(A) Strategy to generate skeletal muscle-specific Mcub-deleted mice, with the Mcubfl/fl mouse crossed with the Myod-Cre mouse.
(B) Western blot of MCUb protein in isolated muscle mitochondria from the indicated groups of mice. Oxidative phosphorylation (OXPHOS) was used as a mitochondrial isolation and protein loading control.
(C) Representative hematoxylin and eosin (H&E)-stained soleus histological muscle sections at 100× magnification from the 2 genotypes of mice shown at 6 months of age.
(D) Quantification of baseline mitochondrial Ca2+ levels in isolated quadriceps mitochondria from the indicated groups of mice at 6 months of age. n = 4 in the Mcubfl/fl group, n = 4 in the Myod-Cre group, n = 6 in the Mcubfl/fl-Myod-Cre group. Data are presented as mean ± SEM. One-way ANOVA and Bonferroni’s multiple-comparisons test were used for statistical analysis.

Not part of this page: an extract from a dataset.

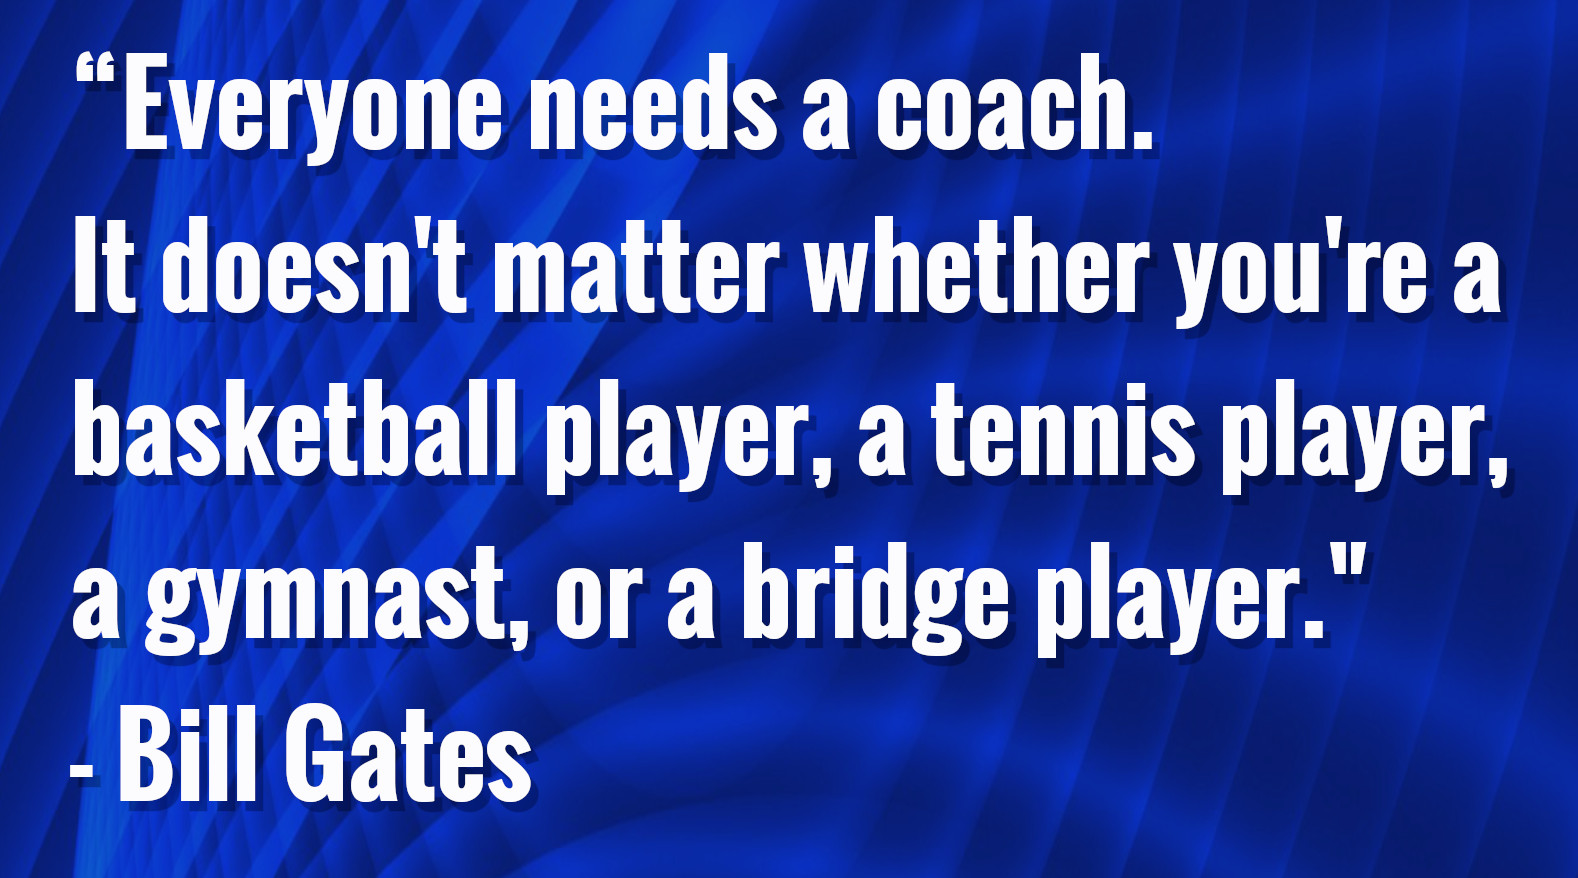 "Everyone needs a coach. It doesn't matter whether you're a basketball player, a tennis player, a gymnast, or a bridge player." - Bill Gates
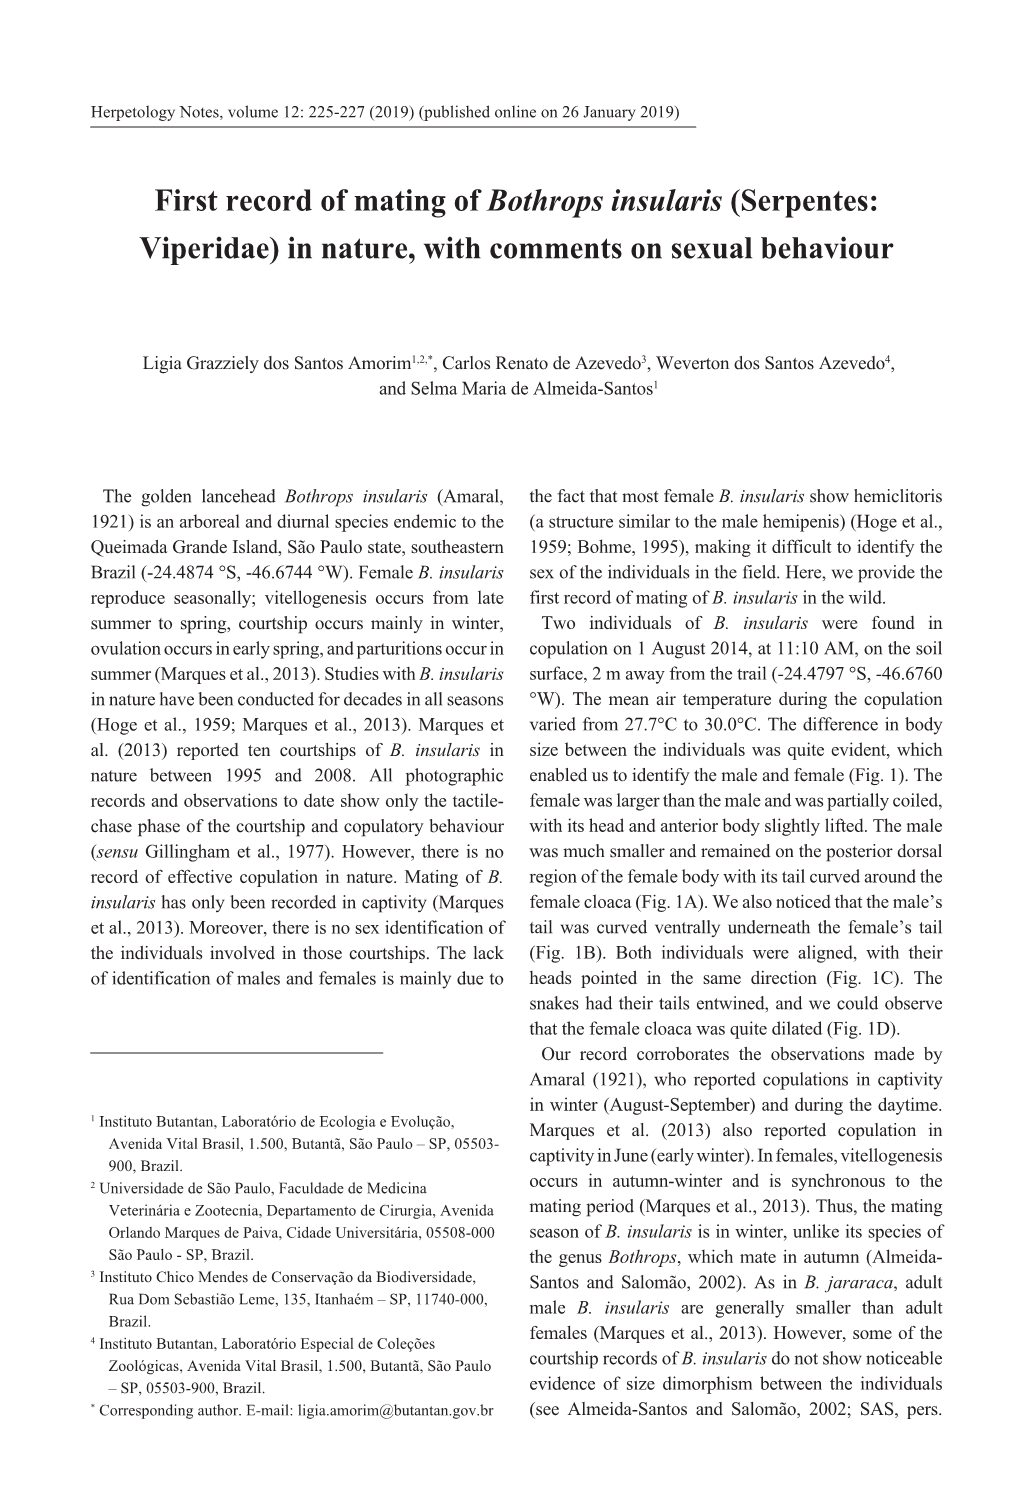 First Record of Mating of Bothrops Insularis (Serpentes: Viperidae) in Nature, with Comments on Sexual Behaviour

(E) Oxygen consumption rate (OCR) measurement in quadriceps mitochondria from the indicated groups of mice at 4 months of age. n = 5 in the Mcubfl/fl group, n=5 in the Myod-Cre group, n = 7 in the Mcubfl/fl-Myod-Cre group.
(F) Mitochondrial Ca2+ retention capacity assay in isolated quadriceps mitochondria from the indicated groups of mice at 4 months of age. Calcium Green-5N was used as the Ca2+ indicator. The arrows indicate addition of 20 μM CaCl2 to the solution.
(G) MRI analyses of total body fat composition with aging in the indicated genotypes of mice. n = 7 in the Mcubfl/fl group, n = 8 in the Myod-Cre group, n = 8 in the Mcubfl/fl-Myod-Cre group. Data are presented as mean ± SEM. Two-way ANOVA and Bonferroni’s multiple-comparisons test were used for statistical analysis. *p < 0.05 versus either control group.
(H) Quantitation of western blotting of PDH phosphorylation over total PDH levels from the indicated genotypes of mice from quadriceps muscle at 6 months of age. n = 4 per group. Data are presented as mean ± SEM. Student’s t test was used for statistical analysis. *p < 0.05.
(I) Relative PDH enzymatic activity from quadriceps muscle from the indicated genotypes of mice at 6 months of age. n = 3 per group. Data are presented as mean ± SEM. One-way ANOVA and Bonferroni’s multiple comparison test were used for statistical analysis. *p < 0.05 versus either control group.
(J) Quadriceps triglyceride levels from the indicated mouse groups at 6 months of age. n = 3 in the Mcubfl/fl group, n = 4 in the Myod-Cre group, n = 3 in the Mcubfl/fl-Myod-Cre group. Data are presented as mean ± SEM. One-way ANOVA and Bonferroni’s multiple-comparisons test were used for statistical analysis. **p < 0.01 versus either control group.
(K) Quadriceps malonyl-CoA levels from the indicated genotypes of mice at 6 months of age. n = 6 in the Mcubfl/fl group, n = 4 in the Myod-Cre group, n = 6 in the Mcubfl/fl-Myod-Cre group. Data are presented as mean ± SEM. One-way ANOVA and Bonferroni’s multiple-comparisons test were used for statistical analysis. *p < 0.05 versus either control group.
(L) Glucose tolerance assay in the indicated groups of mice at 6 month of age. Data are presented as mean ± SEM. Two-way repeated-measures ANOVA and Bonferroni’s multiple-comparisons test were used for statistical analysis. *p < 0.05, **p < 0.01, ***p < 0.001, ****p < 0.0001.
(M) Glucose dependency with UK5099 in isolated flexor digitorum brevis (FDB) myofibers from the indicated groups, measured as the percentage of the basal OCR (detailed in STAR Methods). N = 7 in the Mcubfl/fl group, n = 6 in the Mcubfl/fl-Myod-Cre group. Data are presented as mean ± SEM. Student’s t test was used for statistical analysis. *p < 0.05.
(N) Fatty acid dependency with etomoxir in isolated FDB myofibers from the indicated groups, presented as the percentage of the basal OCR (detailed in STAR Methods). N=6 in the Mcubfl/fl group, n=5 in the Mcubfl/fl-Myod-Cre group. Data are presented as mean ± SEM. Student’s t test was used for statistical analysis. *p < 0.05.